I was driving to work this morning…which is when I do my best thinking…and I started thinking about my penchant for fear.
Growing up, fear saved me. There’s no two ways about it. When you live a tumultuous life…surrounded by unhealthy people…there is very real danger to both your emotional and physical safety.
I learned to fear abandonment. I learned to fear anger. I learned to fear disapproval. I learned to fear failure. I learned that anything I said or did could inadvertently be turned to make me unsafe…
To make me unlovable…
To make me alone.
But…I’m not that kid anymore. I’m not that teenager anymore. I’m not that young woman anymore.
A healthy level of fear is a good thing. Especially when you’re a person who draws in unhealthy people because they’re what you know.
But that same fear is what keeps me drawing in those unhealthy people. Because the known fear is less scary than the unknown. I know I have and can survive what I’ve already been through…I know what to expect from the unhealthy…but…what if I surround myself with HEALTHY people and find out I’m actually the problem…
What if I find out I’m honestly unlovable?
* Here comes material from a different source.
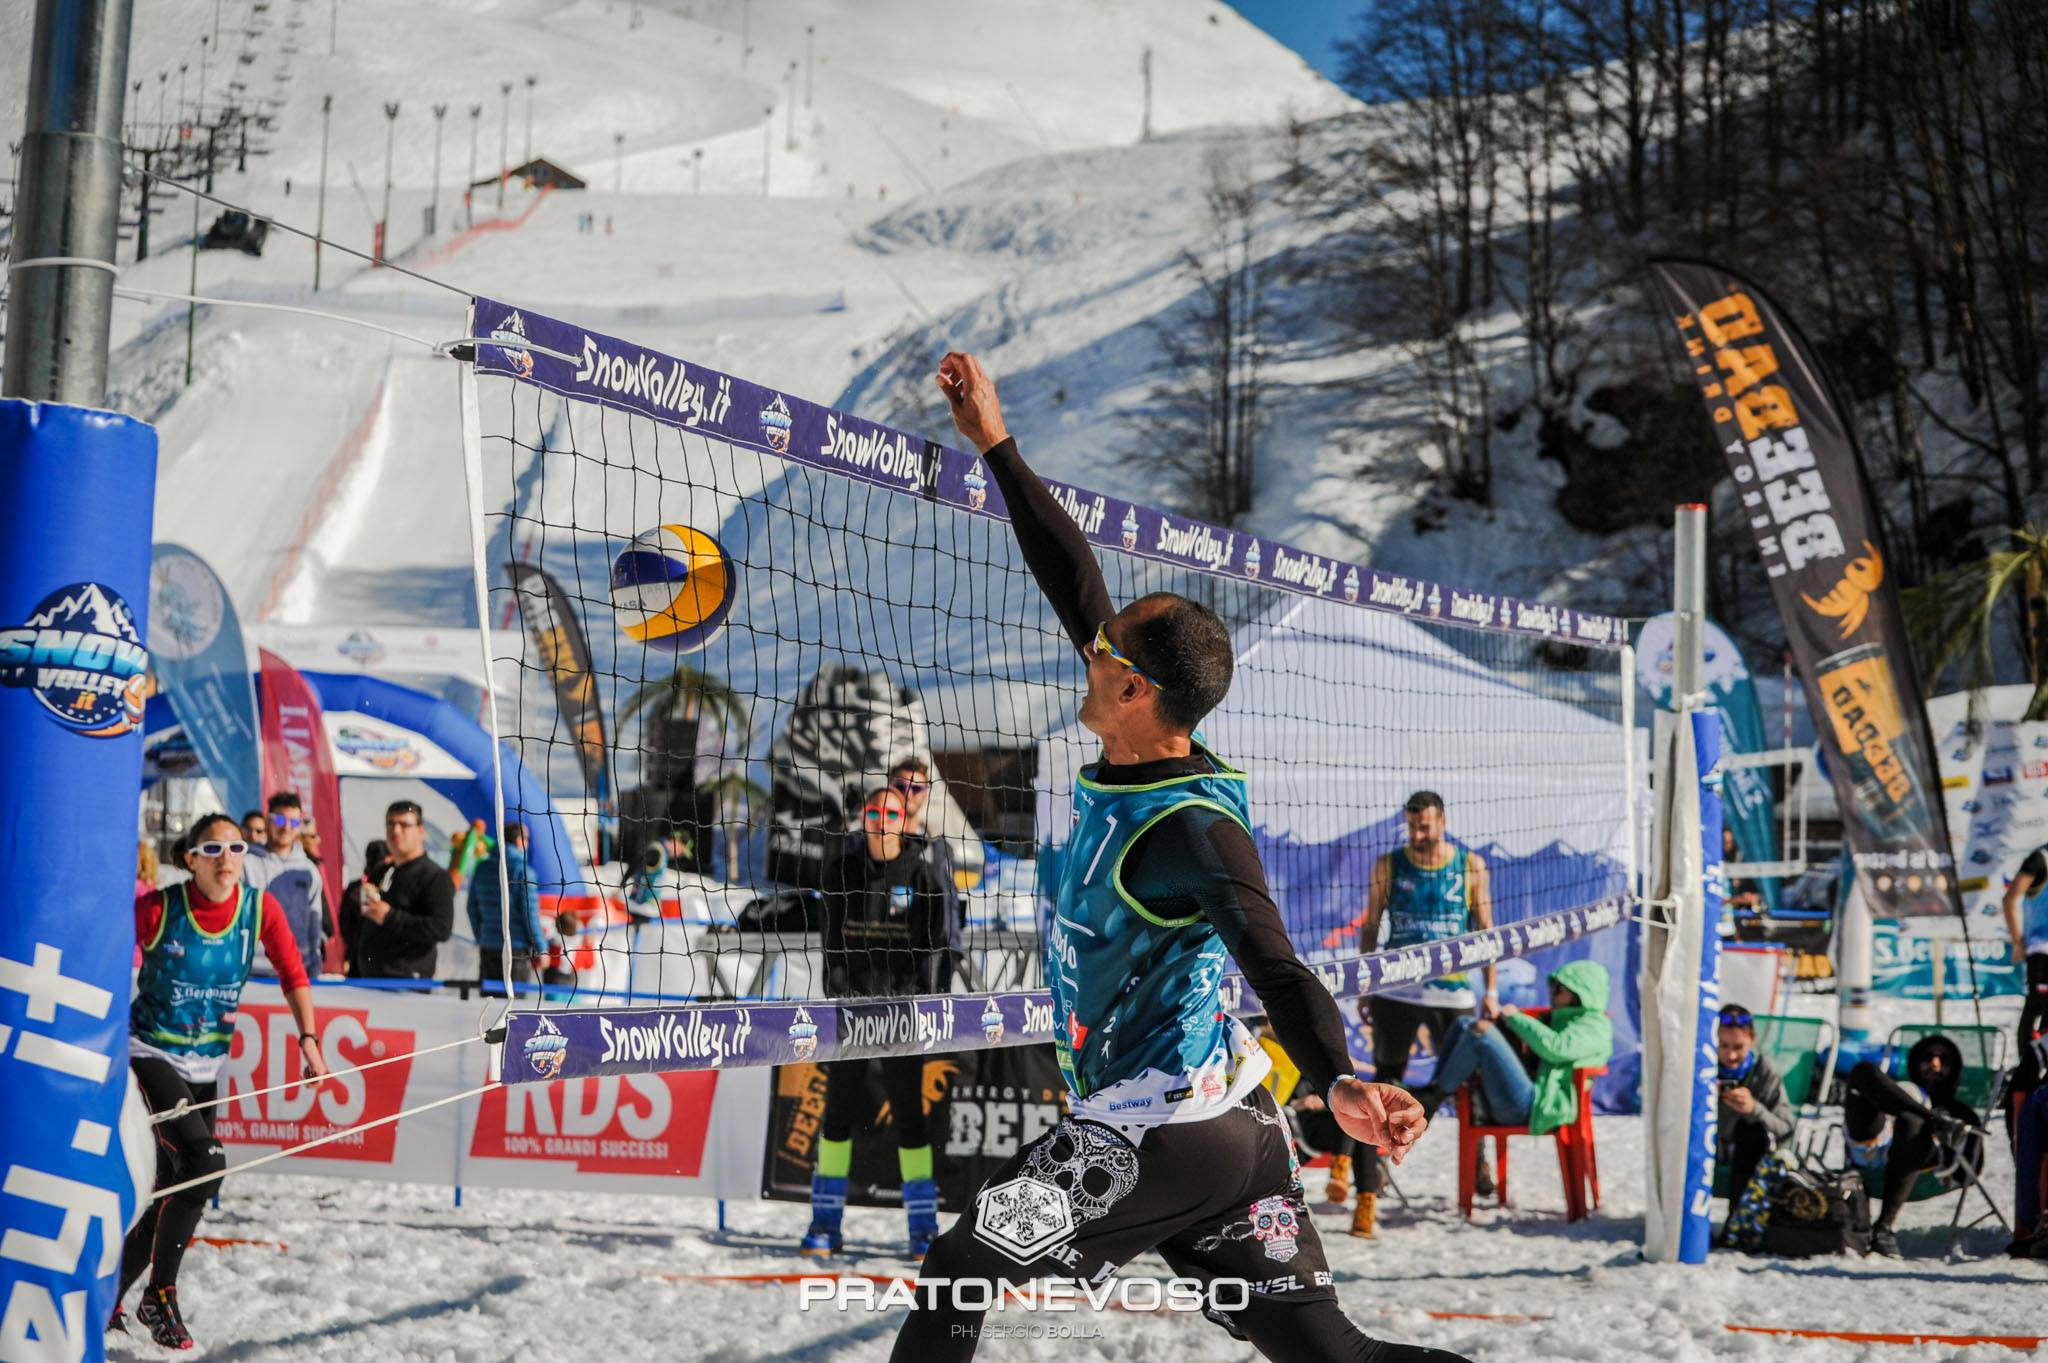 -Snow Volley Tour – La prima tappa in Friuli Venezia Giulia il 9 e 10 marzo sullo Zoncolan

So, because of this, I go into things ready for the other shoe to drop…I go in partially expecting that people will realize that I’m not worthy…that I’m unlovable…that I’m broken.
Because of fear I ruin any chance of my own happiness.
And I don’t want to do that anymore.
So…I’m not stupid enough to believe I’ll turn it right off…as a therapist told me once, “The thing about fear rooted in PTSD is that it’s not irrational…it’s already happened…”. But…I’m going to battle the fuck out of it.
Every time I feel that niggling voice saying, “This won’t last”…every time my brain tells me, “They’re already sick of you”…every time my heart says, “You’re not lovable, protect yourself now”.
I’ve said that 2022 is the year of letting go of what is not meant for me.
That includes fear.
So, Dear Fear, You can go now. I don’t need you anymore. I’m safe now.